Sonradan farkettim ki kadında paranoyak olan bir şeyler vardı. Kendi kendine söylenmeyi bıraktığı anlarda sağa sola bakıp duruyordu. Yüzüne peynir çalarken yakalanmış bir tilkinin kurnaz ve endişeli ifadesi yerleşiyordu.
Bir an sanki ona baktığımı hissetmiş gibi aniden dönüp gözlerimin içine baktı. Sanırım şu anda da benim yüzüme repliğini unutmuş bir oyuncunun yüz kızarıklığı yerleşiyordu. Etme bulma dünyası neylersin.
Kadının kömür karası gözlerinde bir madencinin yılgınlığını buldum. Tuhaf, adını koyamadığım bir alev dans ediyordu o gözlerde. Bir saniye sonra gözlerini benden ayırdı. Tekrar öne eğilip bu sefer duyabildiğim bir sesle ve hiddetle konuştu.
“Pezevenk! Hala gelmedi. Ne zaman yüzüğü bulacak da gelecek. Pezevenk...”
Aynı cümleyi tekrar tekrar söylemeye başladı. Haliyle ben de irkilip bankta ondan biraz uzağa kaydım. Durağın önünden geçerken kadının söylediklerini ve benim tepkimi farketmiş, hareket amirliğinde çalışan tonton bir memur amca gülümseyip, yanına gelmemi işaret etti. Normalde iyi bir çocuğumdur, yabancılarla konuşmam. Ama bu kadar tonton bir memur amcadan bu kadar sevimli bir gülümseme gelince insan şeker falan mı verecek diye merak ediyor doğrusu. Üşenmedim, kalkıp yanına gittim. Kulama eğildi.
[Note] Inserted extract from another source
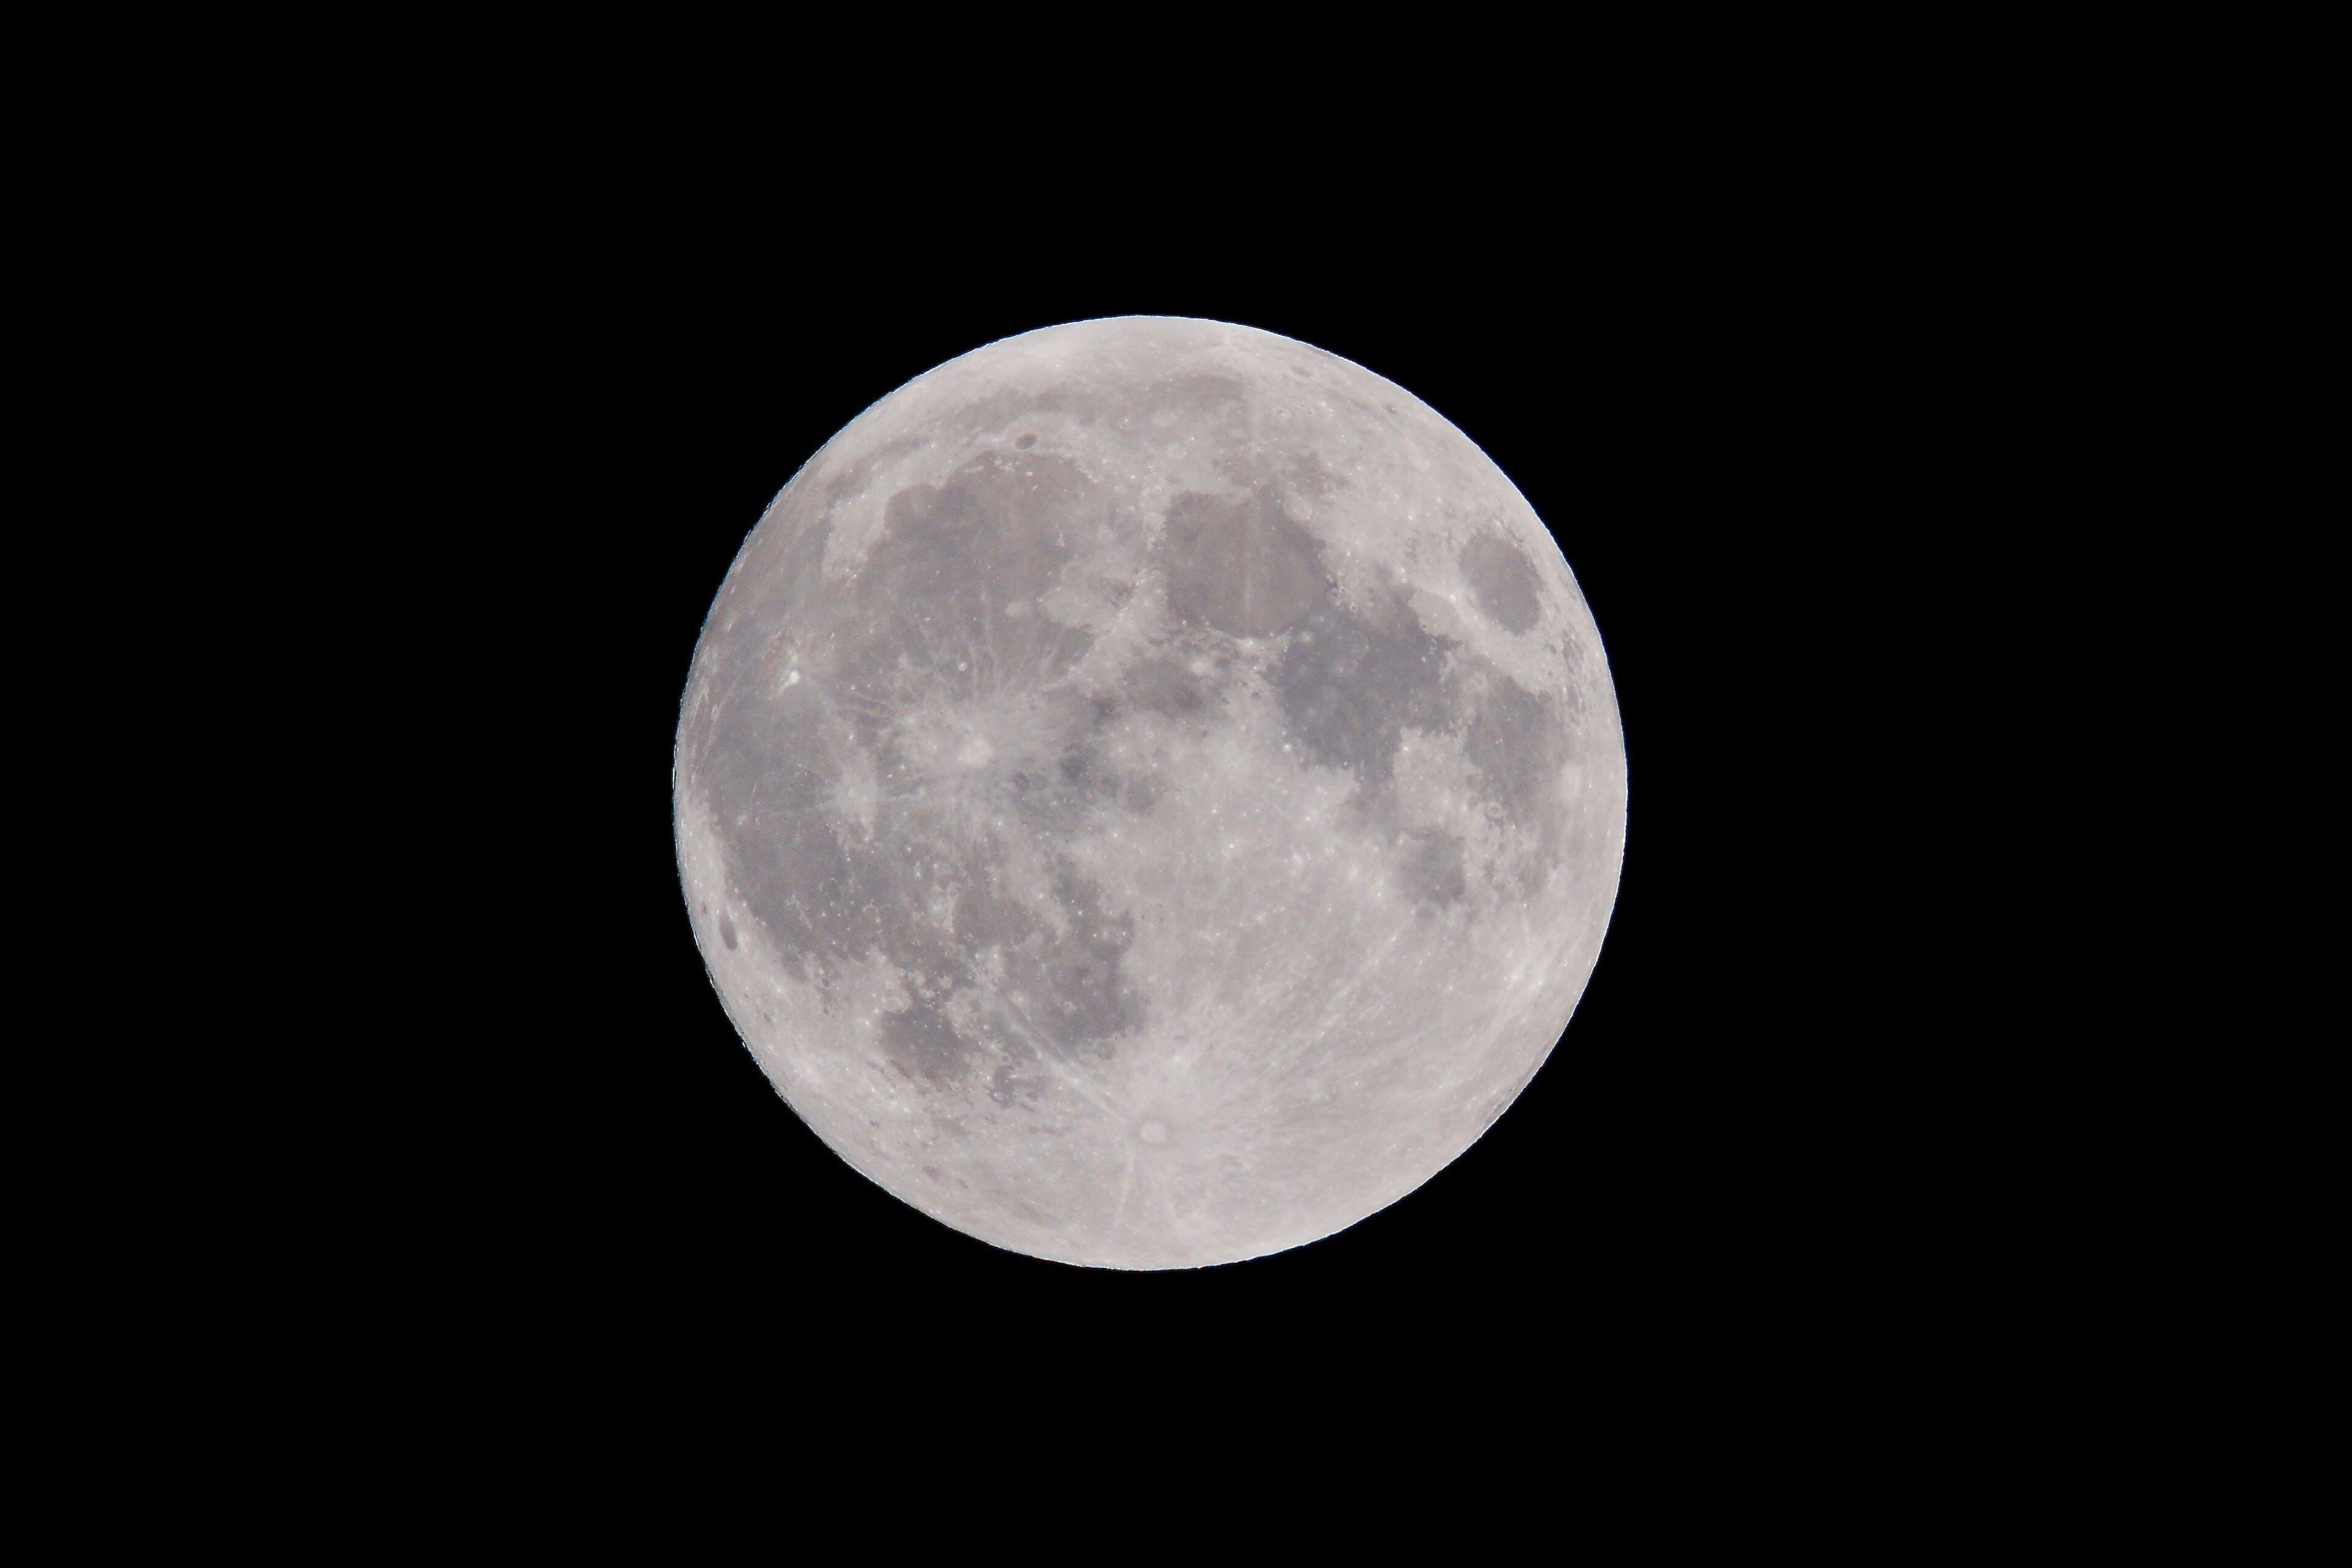 Gratis stockfoto met astronomie, donker, heelal, maan

“ Korkma kızım, o buranın delisidir. Her gün süslenip püslenip gelir, müstakbel koca adayını bekler. Beklediği koca adayı da gelmediğinde sinirlenip, küfretmeye başlar. Sen korkma zararsızdır. Bu dünyadakilerle işi yok onun.”
Amcanın dev cüssesinden arta kalan manzarada beklediğim otobüsün geldiğini görünce tüm şirinliğimi takınıp, teşekkür edip, otobüsüme koştum. Her zamanki gibi de cam kenarına oturdum. Fakat bu sefer gözünü dikip bana bakan insanlardan o kadar rahatsız olmadım. Sonuçta dünyada aklı başında insanlar olduğu varsayımım yine yanlış çıkmıştı. Diğer tüm varsayımlarım gibi. Otobüs hareket edip de durakta hala gelmeyen kocasını bekleyen kadın gözden kaybolurken iç geçirdim. Gelsin hayat, bildiği gibi gelsin!